Ultimately, it will likely be necessary for a federal court to determine the merits of the arguments and conclusions set forth in the Advisory Opinion. On December 11, 2020, a group of hospital plaintiffs filed a lawsuit against HHS alleging HRSA arbitrarily and capriciously failed to require manufacturers to ship 340B drugs to contract pharmacies or refer the matter to the HHS Office of Inspector General, in violation of the Administrative Procedure Act.

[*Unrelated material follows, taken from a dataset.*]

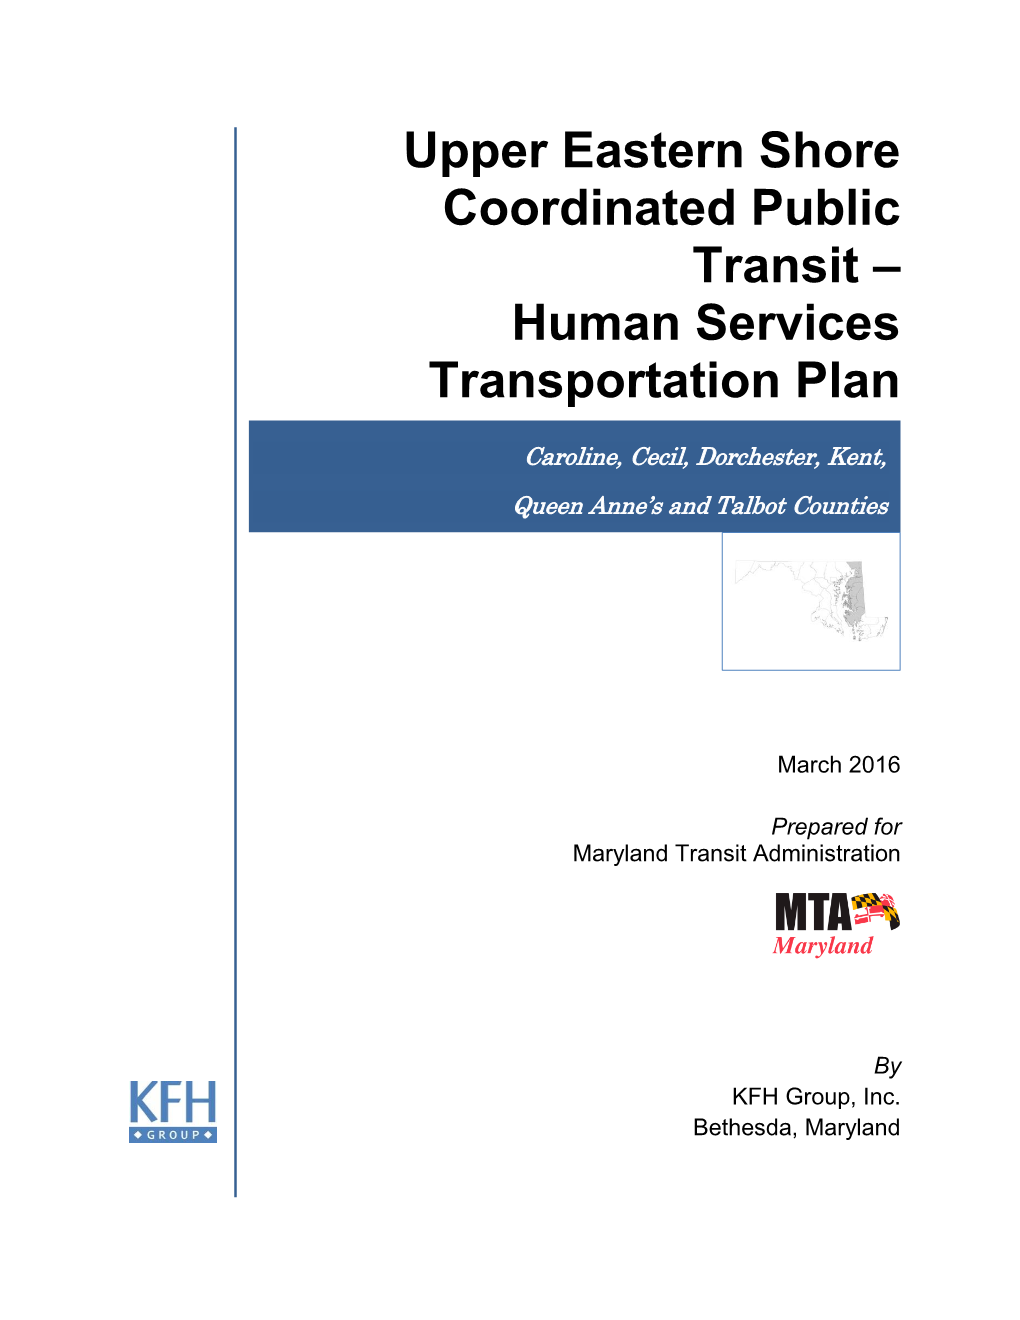 Upper Eastern Shore Coordinated Public Transit – Human Services Transportation Plan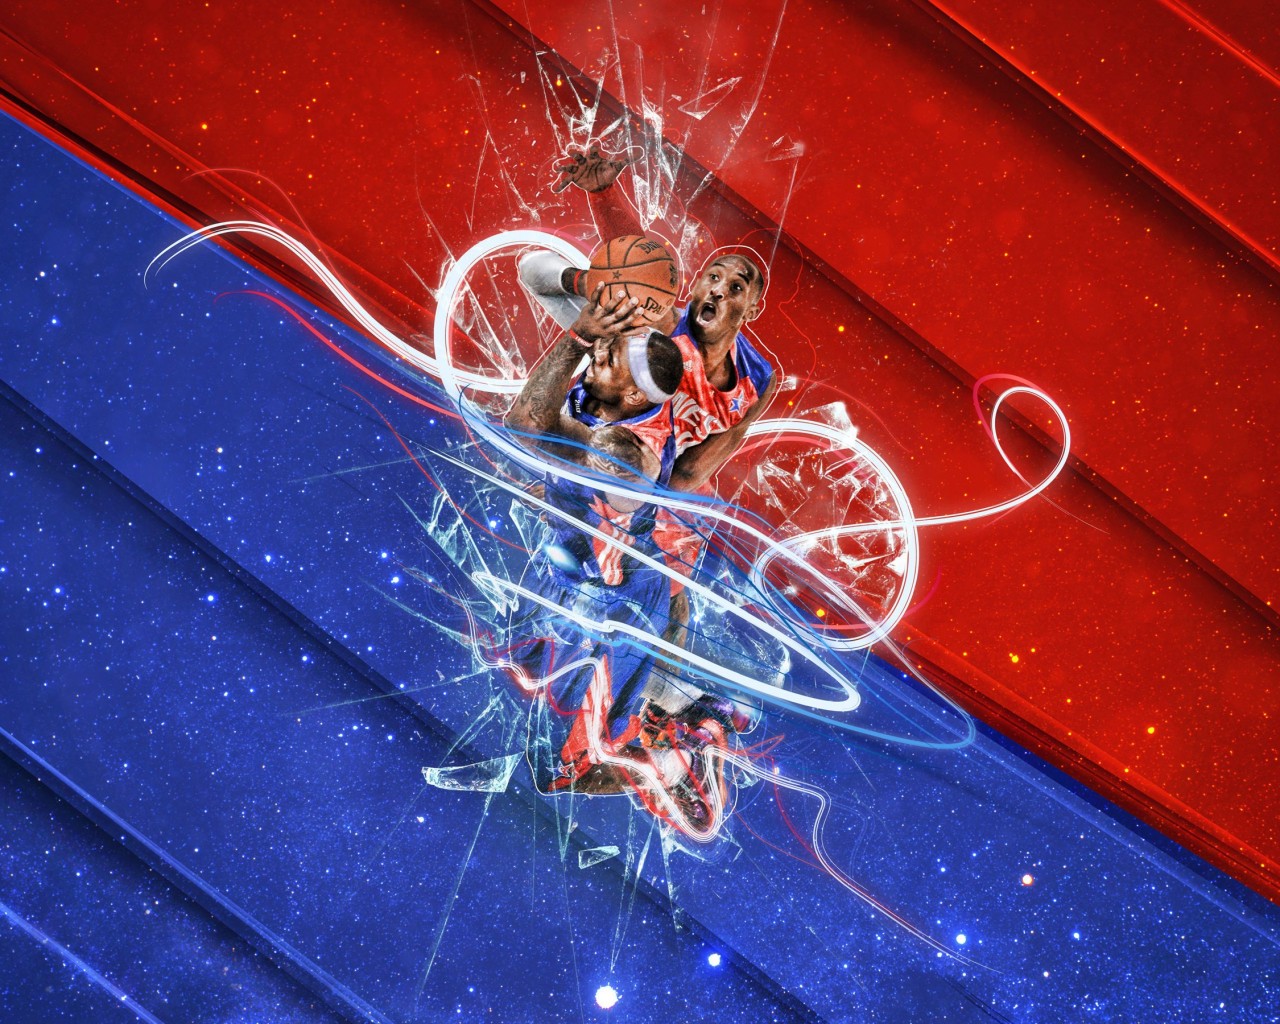 LeBron James Vs Kobe Bryant - NBA - Basketball Wallpaper for Desktop 1280x1024

Relevance to Manufacturer Data Collection and Auditing Activities
The Advisory Opinion concludes that manufacturers are required to offer 340B drugs to covered entities that use contract pharmacies to aid in distributing 340B drugs, but its conclusion does not expressly address recent data sharing requirements imposed by certain manufacturers for covered entities to register contract pharmacies as distribution locations. However, the Advisory Opinion reaches its conclusion by reasoning that “neither [HRSA] nor a private actor is authorized by section 340B to add requirements to the statute,” and “if a covered entity using contract pharmacy services requests to purchase a covered drug from a participating manufacturer, the statute directs the manufacturer to sell the drug at the discounted price” (quoting and validating HRSA guidance). The Advisory Opinion further provides that manufacturers concerned about covered entity compliance must: (1) conduct an audit and (2) submit the claim to the ADR process. It continues that a covered entity’s failure to comply with the audit requirement still does not relieve manufacturers from the obligation to conform to the pricing requirements as provided in the 340B Statute.
A Change of Administration
It is likely that the upcoming administration of President-elect Joseph R. Biden would act in accordance with the conclusions of the Advisory Opinion. On December 14, 2020, California Attorney General Xavier Becerra along with attorneys general of 27 states and the District of Columbia issued a letter to HHS calling on Secretary Alex Azar to address the violations of the 340B Statute related to the statutory responsibilities of drug manufacturers in providing covered outpatient drugs at 340B ceiling prices for drugs dispensed at contract pharmacies. Notably, Attorney General Becerra is Mr. Biden’s nominee for Secretary of HHS.